Textile manufacturer (1799–1888)

Samuel Riddle (October 5, 1799 – February 19, 1888) was a textile manufacturer from Belfast, Ireland who emigrated to the United States and owned several textile mills in Delaware County, Pennsylvania, United States.

==Early life==
Riddle was born near Belfast, Ireland. He received a private school education but quit when he was 14 years old to work in a textile mill. In 1823, Riddle sailed to Philadelphia, United States and began working at a cotton-mill in the Manayunk section of town.

==Career==
In 1827, Riddle went into business for himself by renting a mill in Springdale, Pennsylvania with 480 mule spindles and 10 employees. In 1830, Samuel Riddle along with his brother James moved operations to the Parkmount Mill on Chester Creek in Aston, Pennsylvania. The Riddle brothers operated the Parkmount Mill until 1841 when it was leased to other manufacturers. Riddle eventually owned 5 mills and employed 400 people.

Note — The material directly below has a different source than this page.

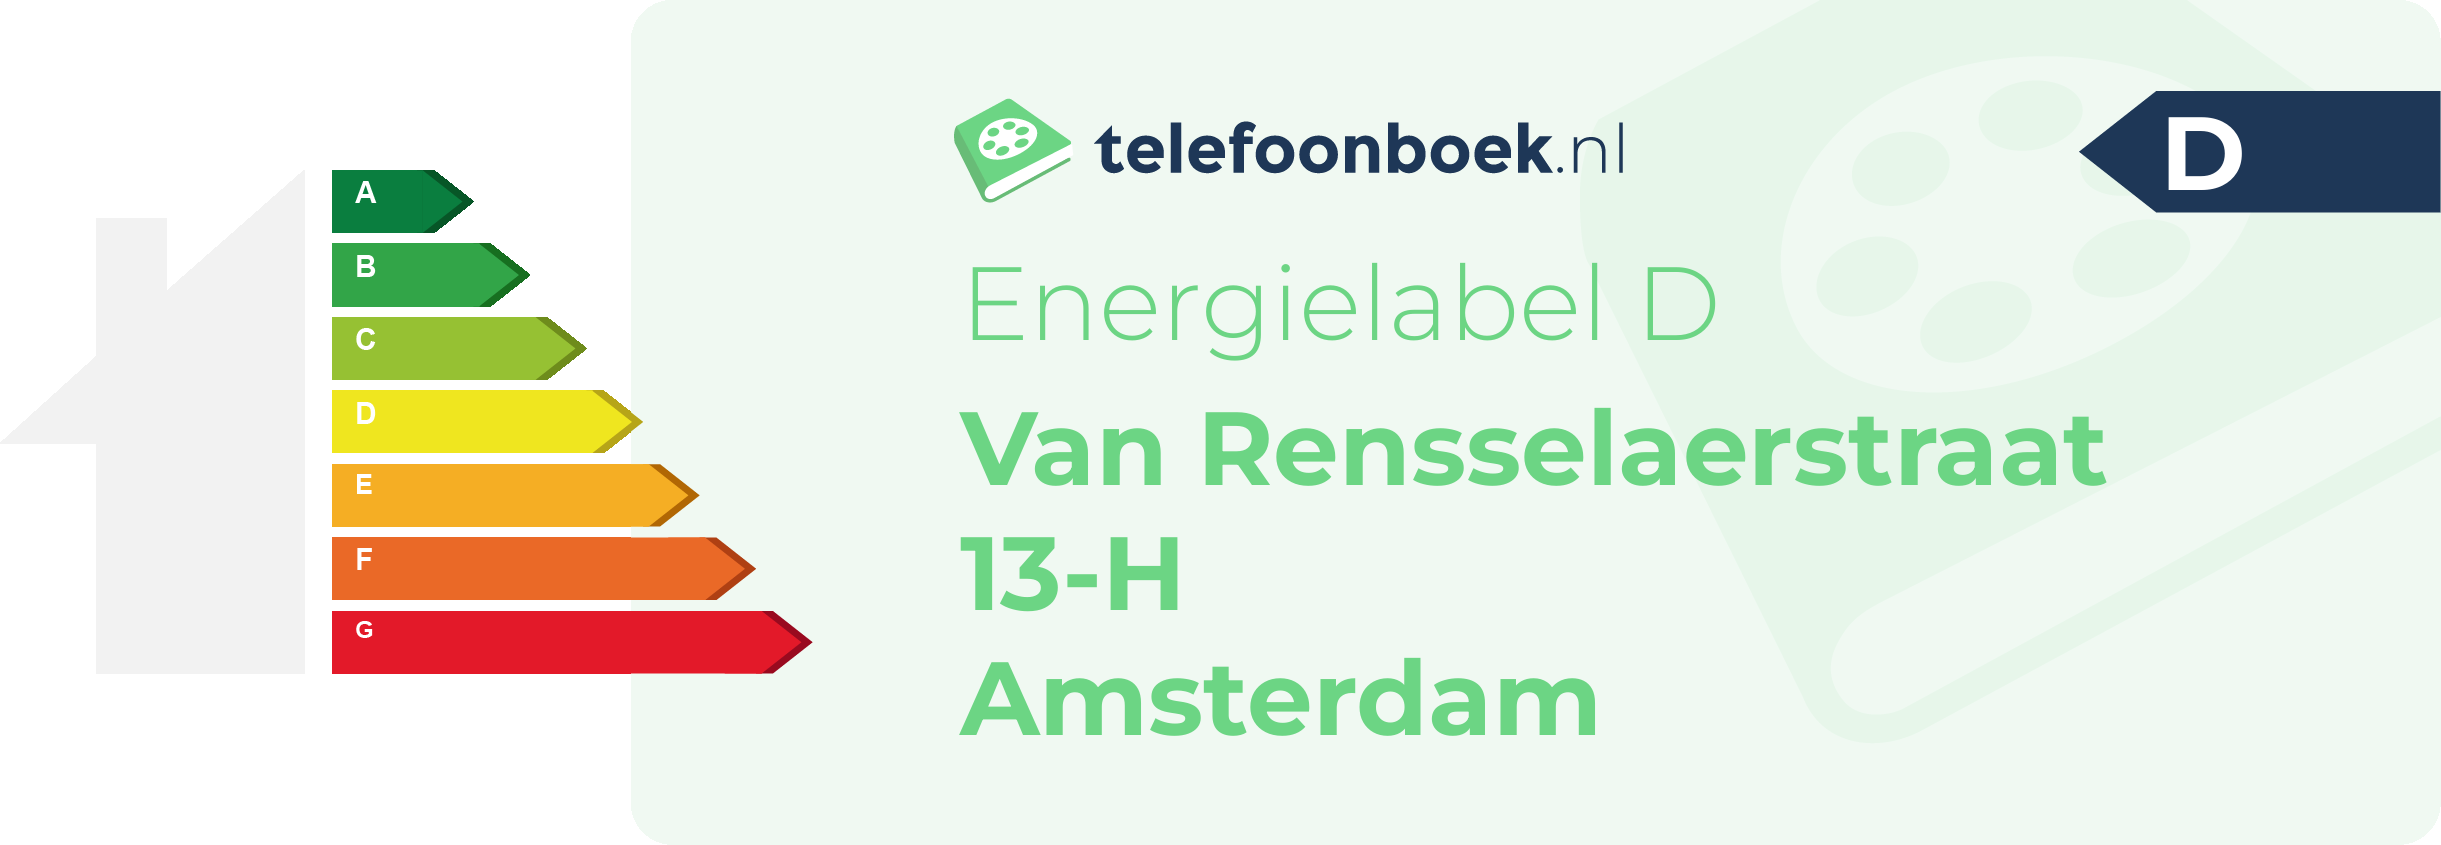 Energielabel Van Rensselaerstraat 13-H Amsterdam

The mills had approximately 10,400 cotton and woolen spindles as well as 270 power looms.

==Glen Riddle==
In the 1840s, Riddle began building an estate of several hundred acres which he named Glen Riddle. This area became the unincorporated community of Glen Riddle in Middletown Township.

==Personal life==
Riddle lost his first wife Martha after her death during childbirth of his first child, Henry, in 1850. He remarried 23 year old Linda Doyle and together they had four children. Their son, Samuel Doyle Riddle was an American businessman and racehorse owner. Riddle died on February 19, 1888 and is interred at Middletown Presbyterian Church Cemetery in Elwyn, Pennsylvania.